Хлебнули — и пошло по жилам, ударило в голову. Подобно кулачным бойцам о масленице разделились — стенка на стенку. Голицын, стуча посохом, возгласил:
— Царевича сюда… Наследника…
И снова буйство.
— Царская кровь.
— Богом дан… Перст Божий.
— Опомнитесь! — нараспев, как с амвона, грянул Феофан, киевский книгочей и златоуст. — Всуе поминаете имя Божье. Младенца на трон? Смуты хотите?
Духовного пастыря не перебили.
— Огорчеваем душу почившего. Бесчинство кажем вместо сыновнего благодарения, послушания. Он же, премудрый законодатель, нас от смуты избавил.

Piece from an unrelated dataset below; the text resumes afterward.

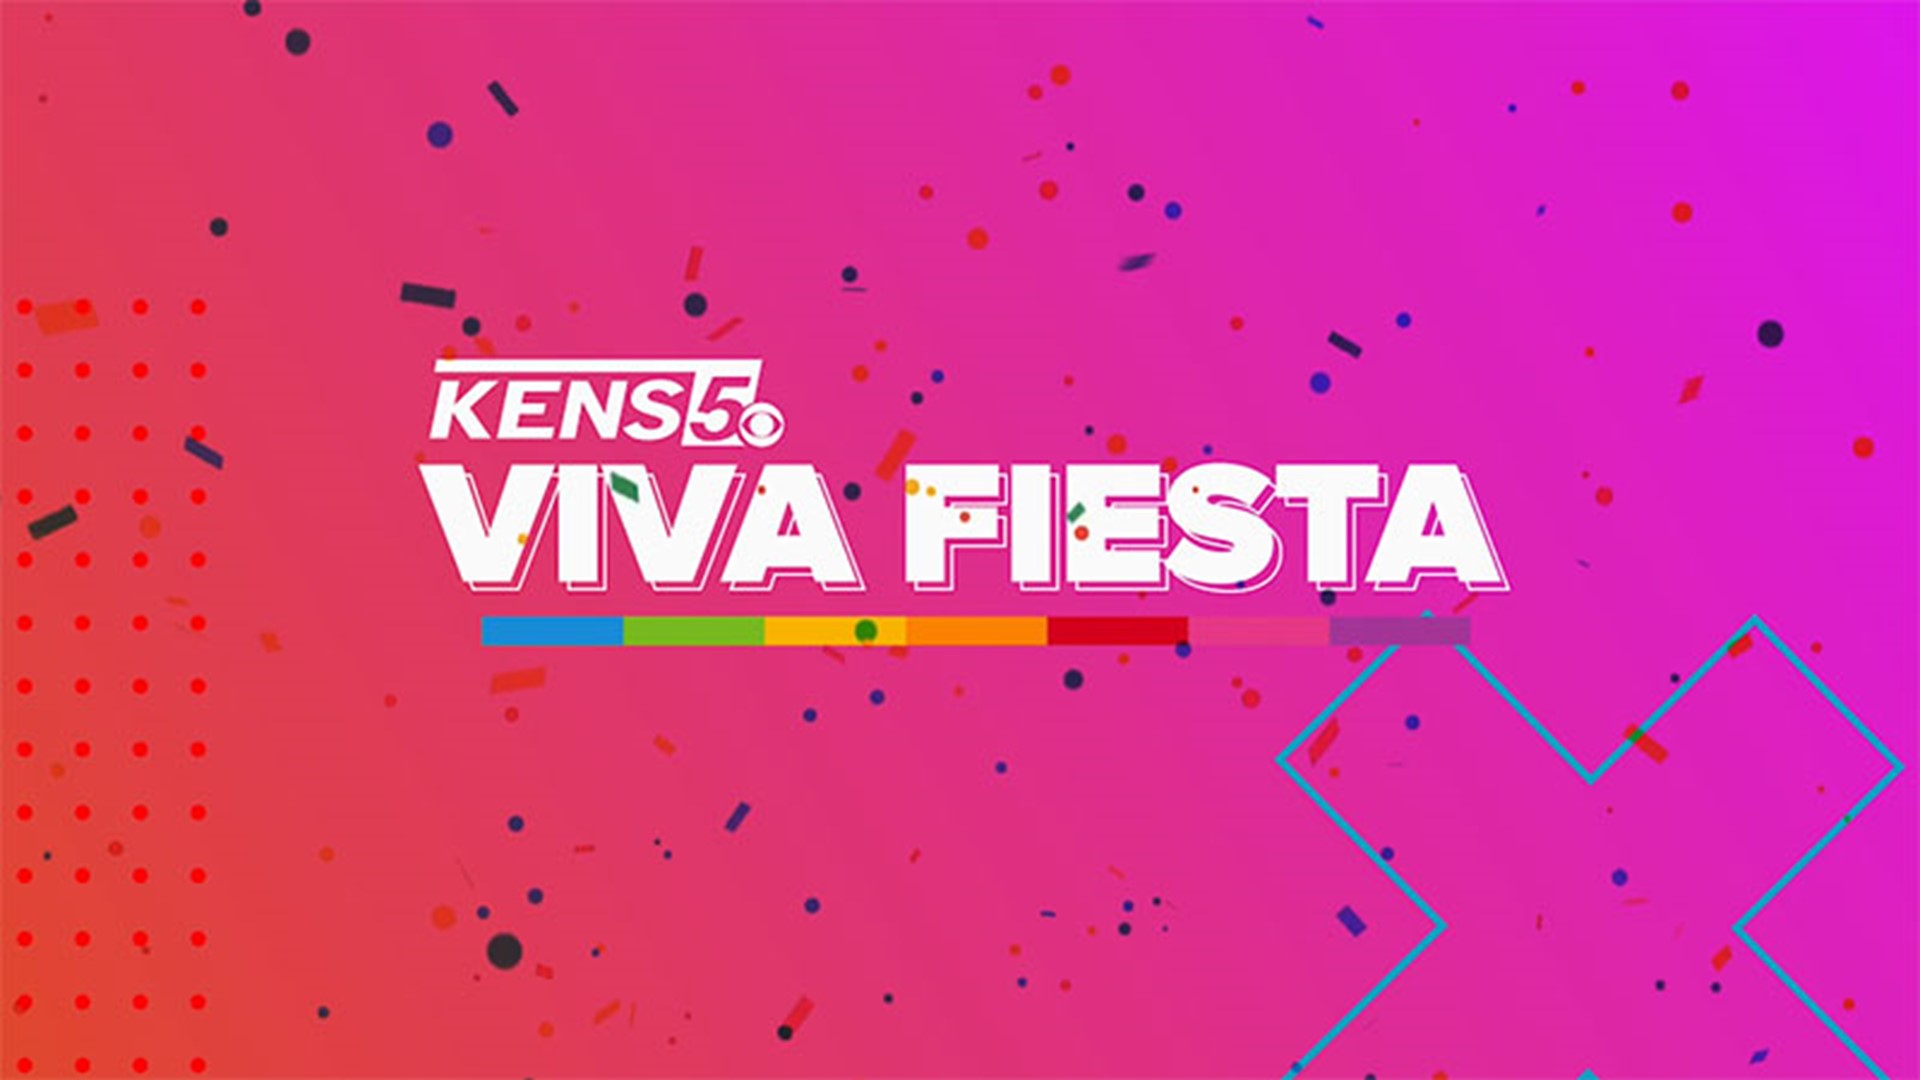 You can enjoy more than 100 events across 11 days of Fiesta in San Antonio this year. KENS 5's Audrey Castoreno and Henry Ramos are here to get your party started!
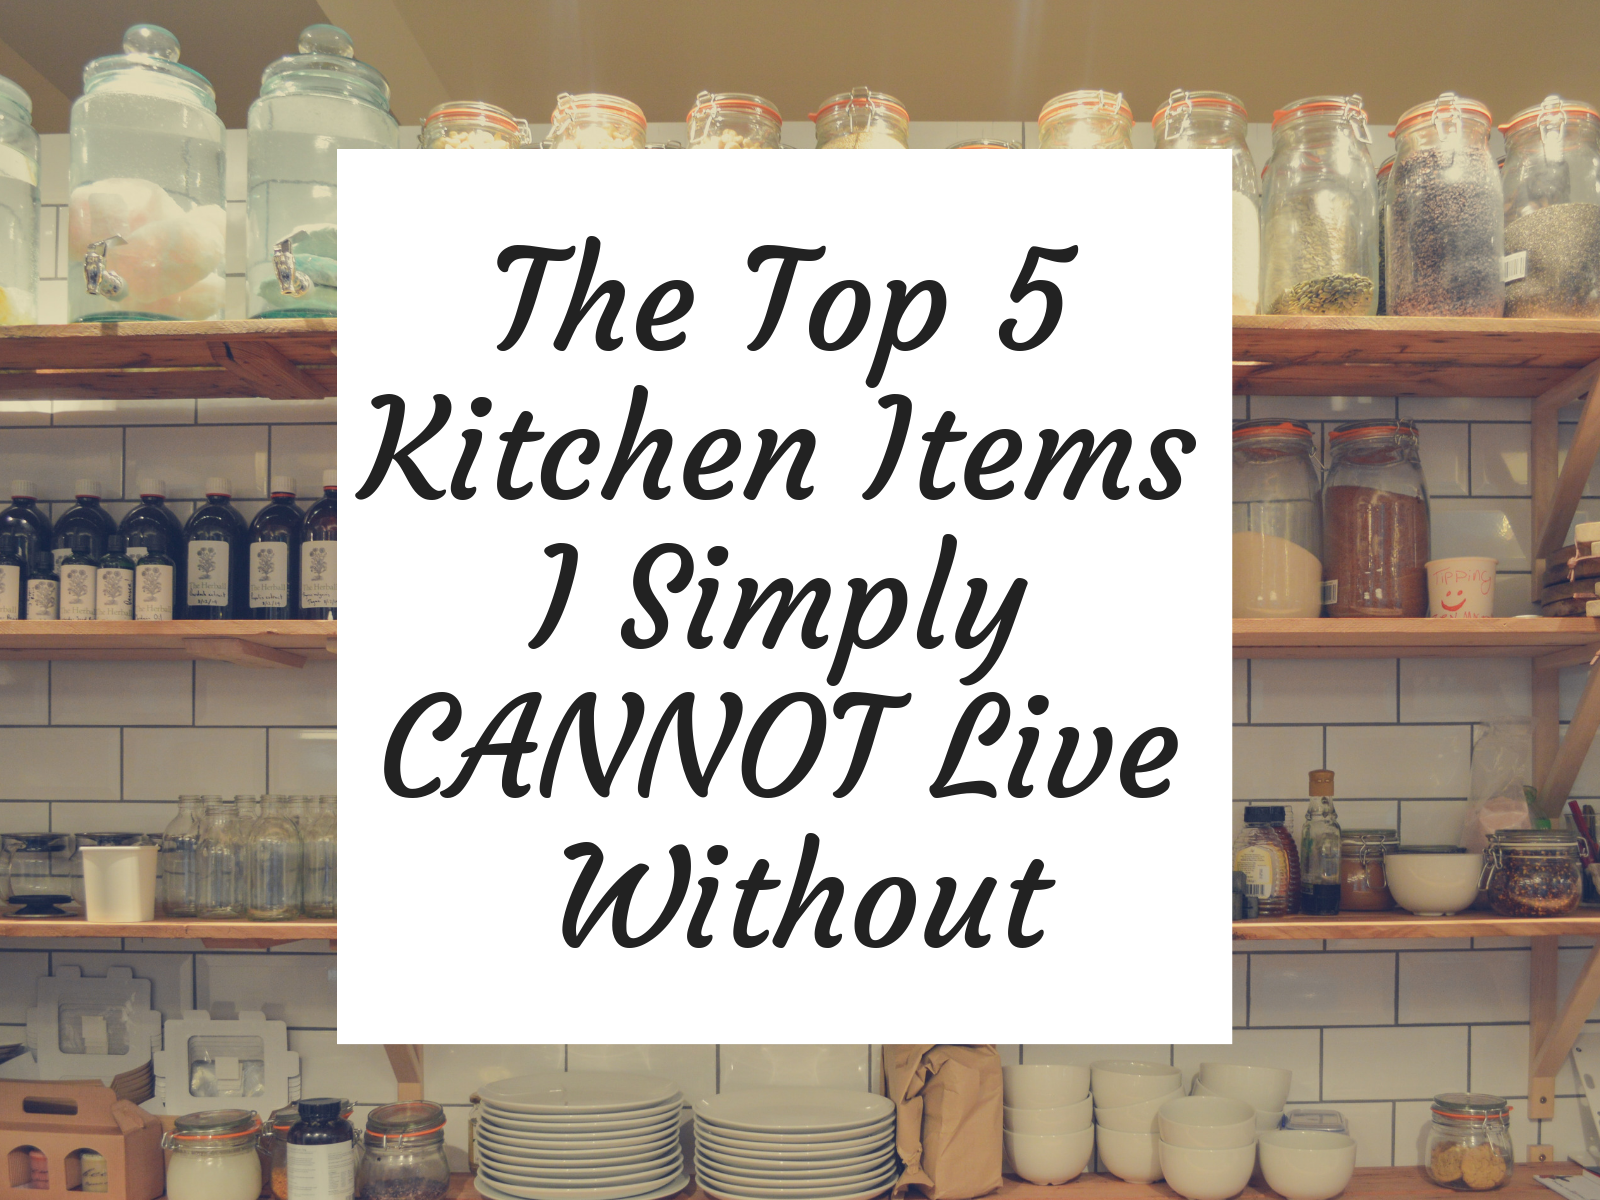 We all got those items we can't live without and I definitely have a nice, long list of those things I don't feel complete without. My journals and home books, the internet, stuffed animals from mine and Phil's childhoods, and strong coffee all make the list. But since I love being in the kitchen constantly, I figured I would share the items in my kitchen that I simply cannot live without.

Намёк на указ о престолонаследии [15], согласно которому наследник прямой, но править неспособный, трон уступает. Монарх вправе назначить преемника из своей фамилии, наиболее достойного. Отец отечества сей случай предвидел.
— Супруга его, коронованная и помазанная [16], не токмо ложа, но всех трудов его сообщница, — она есть наследница, она есть самодержица наша. Тужимся решать, что решено уже… Волю свою подтверждал неоднократно, чему есть свидетели.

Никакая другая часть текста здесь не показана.